Maronite Easter liturgy:
http://www.youtube.com/watch?v=TASjGW5YD9A
Syriac Orthodox liturgy:
http://www.youtube.com/watch?v=PFBpORLFnHI
This may or may not be more of a problem for EO switching to their corresponding Catholic church (most of the Eastern Catholic churches are Byzantine, anyway), but my own experience with the Ruthenians tells me that it's something of a gamble there, too. When I visited them, they didn't have an organ or anything, but they also didn't really have a choir, they said the Creed with the filioque included, and didn't really chant the liturgy (which might have been why it was only about an hour). It was very underwhelming, and I can't help but think that it speaks to a certain decline in their traditional spirituality that the people were not up in arms about this, but seemed to think it was normal. I noticed all this stuff on my first visit, and I am not now and have never been Byzantine or any kind of Slavic person.
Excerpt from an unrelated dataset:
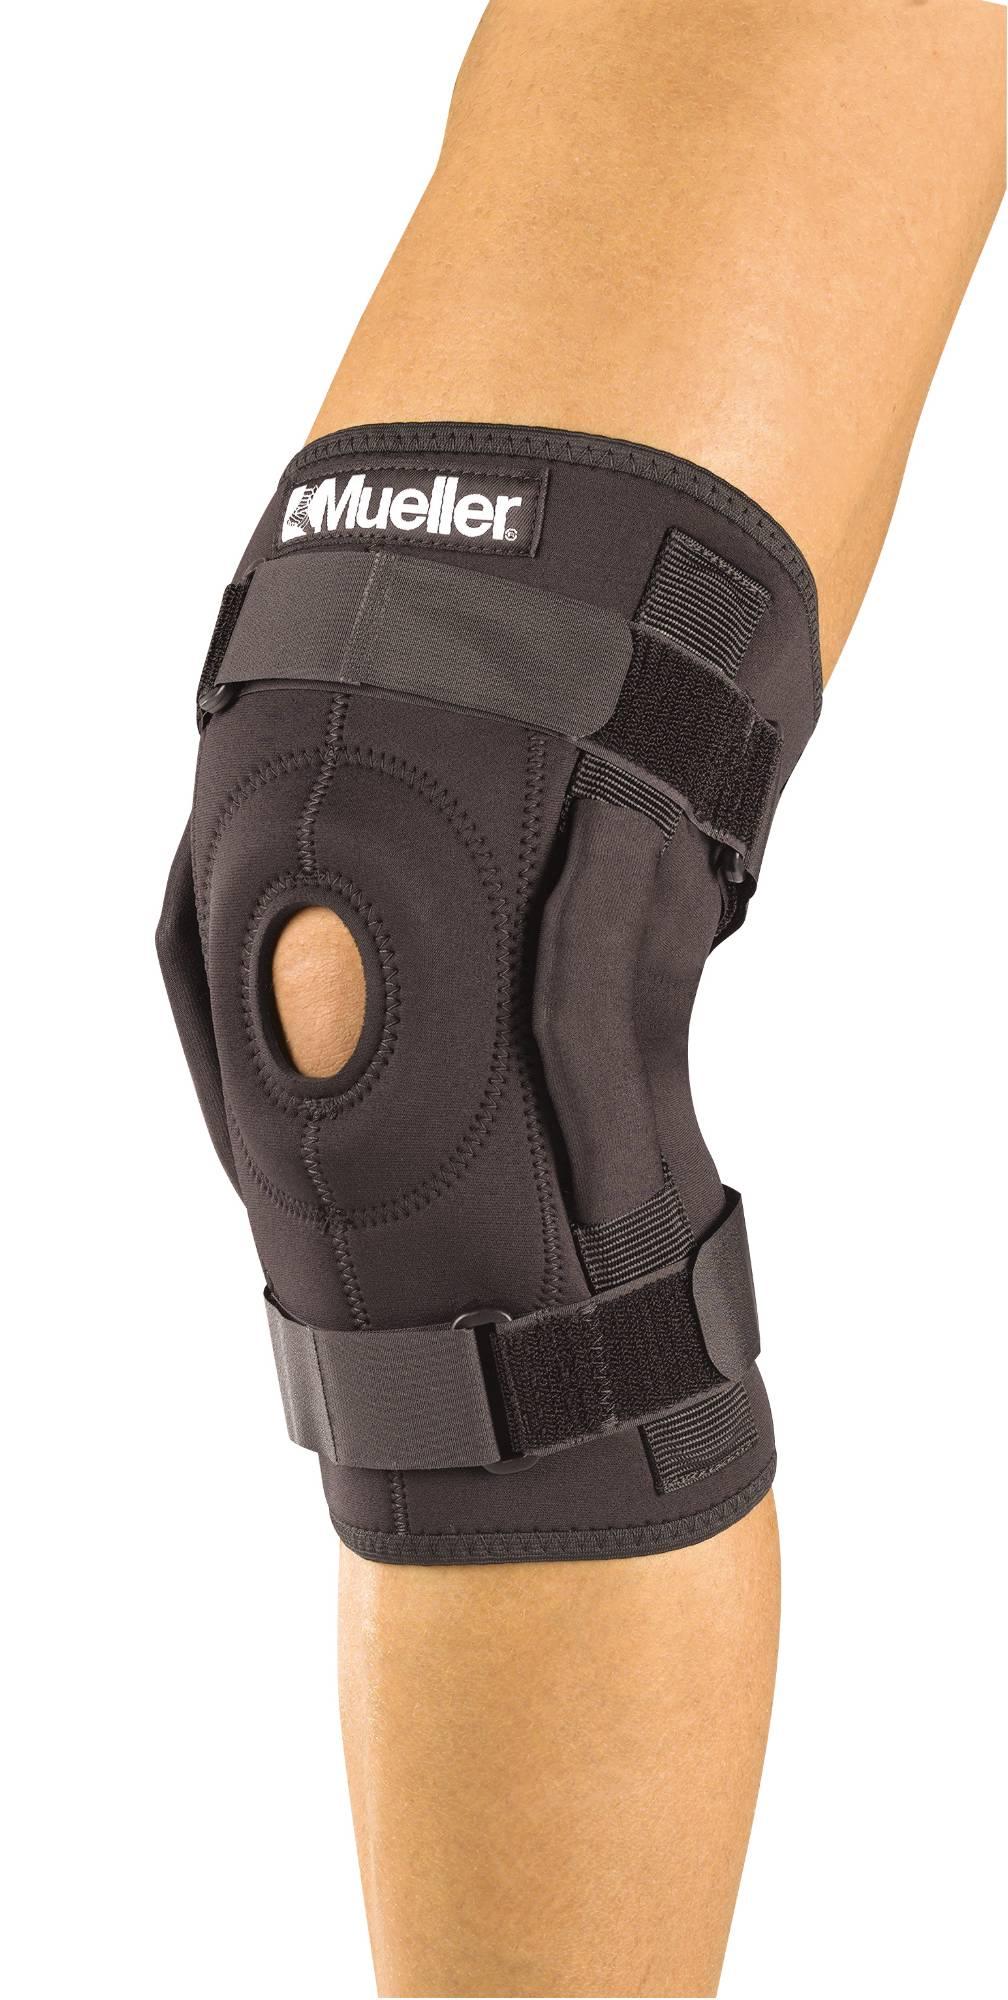 Код 3333 Шарнирный бандаж на колено, 1 шт., черный, REG, LG, XL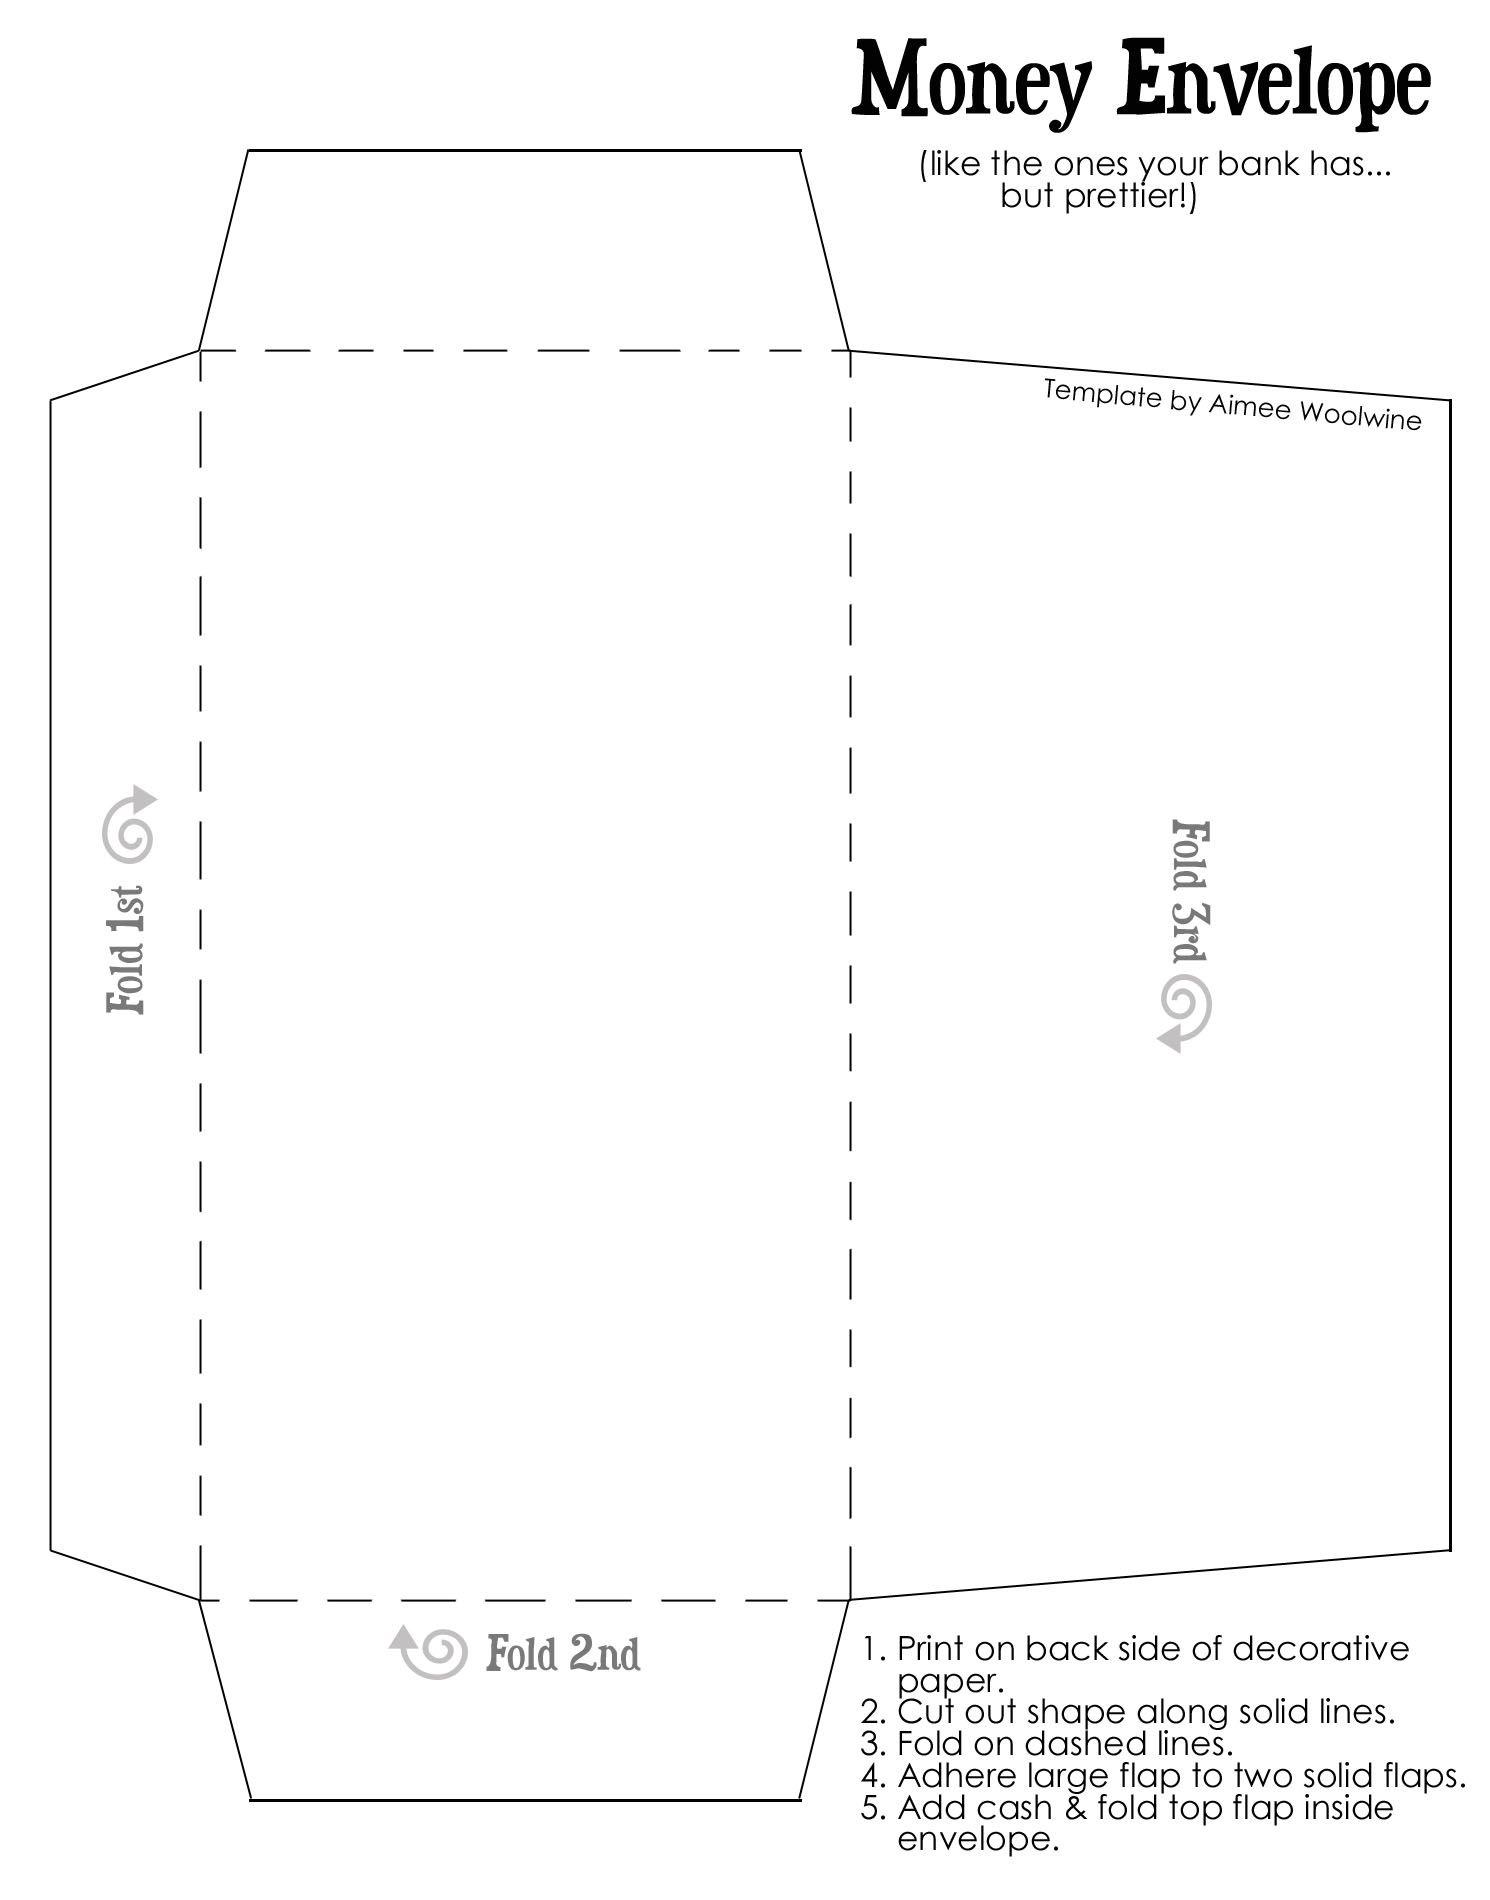 Scrapbook paper envelope template - Coinenvelopetemplatewtext For My Envelope Money Plan Money Envelopesenvelope Templatesdiy

I know personal anecdotes and YouTube videos can't stand for anything in place of going and seeing yourself, but I would consider the unevenness with which even Eastern Catholics approach their faith to be another strike against this idea that you can even somehow be in communion with a spirituality-impoverished Church like Rome and not have it affect you (this whole "Orthodox in Union with Rome" idea that seems to live on the internet and nowhere else; it's a compromise that satisfies nobody).
Why abandon what you have on the off chance that you might luck out and get a good parish, where the priest knows what he's doing/the historical norms, doesn't put up with Latinizing nonsense, etc. How many of those priests even are there, and why should things be left up to chance like that? It just doesn't make sense to me.
If you take communion as being a sign of shared faith, then you are signing up for every problem that Rome has. In the modern day, those are many (as can be said about all churches, I guess), but more importantly Rome doesn't seem to be serious about doing anything about them, because doing in a real, permanent way would mean going back centuries...and again, they just don't have the structure overall in the same shape as it once was to even be able to do that. They're too degraded after 1400 or 1000 years (depending on what communion you're in
) of doing other things. Lord have mercy.